The high-level model is three independent layers. Layer 1 cannot be disabled from JS. Layer 2 widens specific dimensions per tool, with the resulting elevation visible as a badge before publish. Layer 3 sits in front of the MCP transport.

flowchart TB
    subgraph L1["Layer 1 - Java sandbox (always on)"]
        A1["Class allow / deny<br/>(deny-first)"]
        A2["Resource limits<br/>(statements · timeout)"]
        A3["Helpers gateway<br/>(fetch · safety.fs · safety.parser)"]
        A4["Output masking<br/>(env-backed secrets)"]
    end
    subgraph L2["Layer 2 - Per-tool overrides"]
        B1["SandboxOverrides"] --> B2["Posture calculator"] --> B3["Risk badge<br/>L0 · L3 · L4 · L5"]
    end
    subgraph L3["Layer 3 - MCP transport (opt-in auth)"]
        C1["/mcp, /sse<br/>permitAll by default"] --> C2["add Spring Security<br/>(OAuth2 / API key) to gate"]
    end
    L1 == widens (cannot weaken) ==> L2
    L2 == publishes through ==> L3

What each layer controls, in detail:

Layer Component What it enforces
1 Class allow / deny Deny-first lookup gate (JsToolExecutor.isClassAllowed). Default deny-list covers System / Runtime / Process / ProcessBuilder / Class / reflect / invoke / Thread / ThreadGroup / ClassLoader / ServiceLoader / java.util.spi.*. Default allow-list covers only java.lang/math/time/util/text.* - pure compute.
1 Resource limits max-statements: 500000 via GraalVM ResourceLimits + wall-clock timeout via Future.cancel(true) on a virtual-thread executor.
1 Helpers gateway fetch (SSRF four-layer guard in strict by default), safety.fs (reads bounded to the readable roots, writes to the working directory, both symlink-resolved via toRealPath before the boundary check), safety.parser.{html,xml,csv,yaml}. These are the only network and filesystem paths from JS.
1 Output masking console.log substring-masks env-backed static-variable values before they reach the debug pane or chat tool-call trace. The mask applies to all env-vars surfaced by the secret store below - values exported from the OS-encrypted secret store are still treated as secrets at the log boundary.
1 Secret store at rest The desktop launcher persists tool-side secrets through Electron safeStorage - encrypted by macOS Keychain / Windows DPAPI / libsecret on Linux; the cipherkey never leaves the OS keychain. Secrets are exported as environment variables only to the launched JVM process, never written to YAML or chat history, and the JS-side console.log mask above redacts their resolved values from any tool output. See Desktop App → Use Environment Variables for Keys and Secrets.
2 SandboxOverrides Per-tool widening: networkMode, hostsAllow, fileRead/fileWrite, addAllow/DenyClasses, fsBasePath.
2 Posture calculator SandboxPostureCalculator.compute() - pure function from overrides to RiskLevel.
2 Risk badge L0 baseline · L3 narrow widening · L4 broad widening · L5 critical class re-enabled.
3 MCP transport auth The app SecurityFilterChain is present (for Vaadin and outbound MCP-client OAuth) but /mcp and /sse are permitAll, so the built-in server is unauthenticated by default. Gate it by adding Spring AI MCP Security (OAuth2 resource server / API key) for deployed scenarios.
3 MCP transport Streamable HTTP at /mcp. Binds to all interfaces (0.0.0.0) by default because server.address is unset; set it to 127.0.0.1 to restrict to localhost.
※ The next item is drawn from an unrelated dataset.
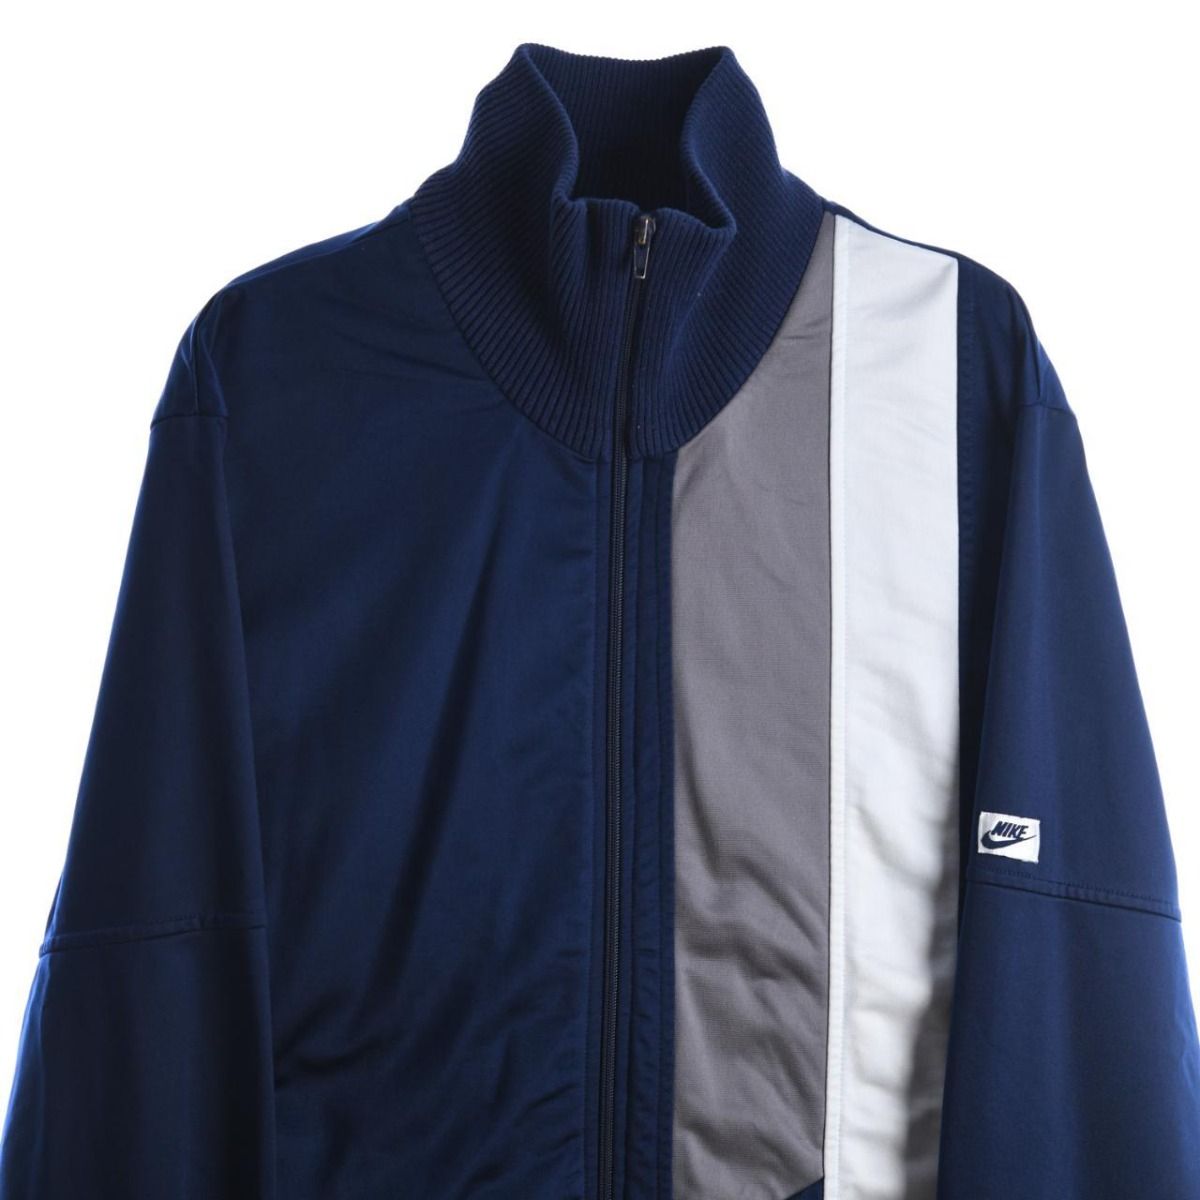 Nike 1990s Jacket

Layer 1 is fixed code in JsToolExecutor, JsRuntimeGlobals, SafeHttpFetch, and SafeFs. Layer 2 lives in SandboxOverrides per ToolSpec and SandboxPostureCalculator for the badge. Layer 3 is the MCP transport perimeter: the app Spring Security permits /mcp by default (it is wired for Vaadin and outbound MCP-client OAuth), so gating the built-in server is an opt-in you add - independent of the sandbox.

Isolation tiers (deployment trust boundaries) { #isolation-tiers }

The three-layer model above lives entirely inside one JVM process. That is the right boundary for the threats it targets - author accidents and misuse on a single-user machine - but the in-process sandbox is not an adversarial boundary on its own. Where you need a harder one, the whole process nests inside the operating-system and container isolation you already run it under. The sandbox is the innermost tier, not the only one.

Isolation tiers - nested deployment boundaries from the host machine inward through an optional microVM, gVisor, or Kata tier, an optional Docker container, the always-on OS process and JVM, down to the in-process JS sandbox that holds the three-layer model{ loading=lazy }

Tier How you run it Outer boundary it adds What that tier defends against Use it when
Tier 0 - in-process only Desktop app, or from source OS process and JVM Author accidents, runaway code, accidental private-network egress, secret leakage to logs Single-user local authoring (the default)
Tier 1 - plus container The shipped Docker image Linux namespaces and cgroups Host filesystem and process isolation, resource caps, a reproducible runtime Shared or server-style deployment, CI
Tier 2 - plus hardened isolation The container under gVisor, Kata, or a Firecracker microVM User-space kernel or VM boundary Untrusted or multi-tenant tool code, kernel-level escape attempts You run tools you do not trust

The split is deliberate: the in-process sandbox is defense-in-depth at Tier 0. Spring AI Playground does not reimplement Tiers 1 and 2 - container and microVM isolation are a deployment choice, and the project composes with them rather than replacing them. If you need to run tool code you genuinely do not trust, raise the tier; the sandbox keeps enforcing its policy inside whichever boundary you pick.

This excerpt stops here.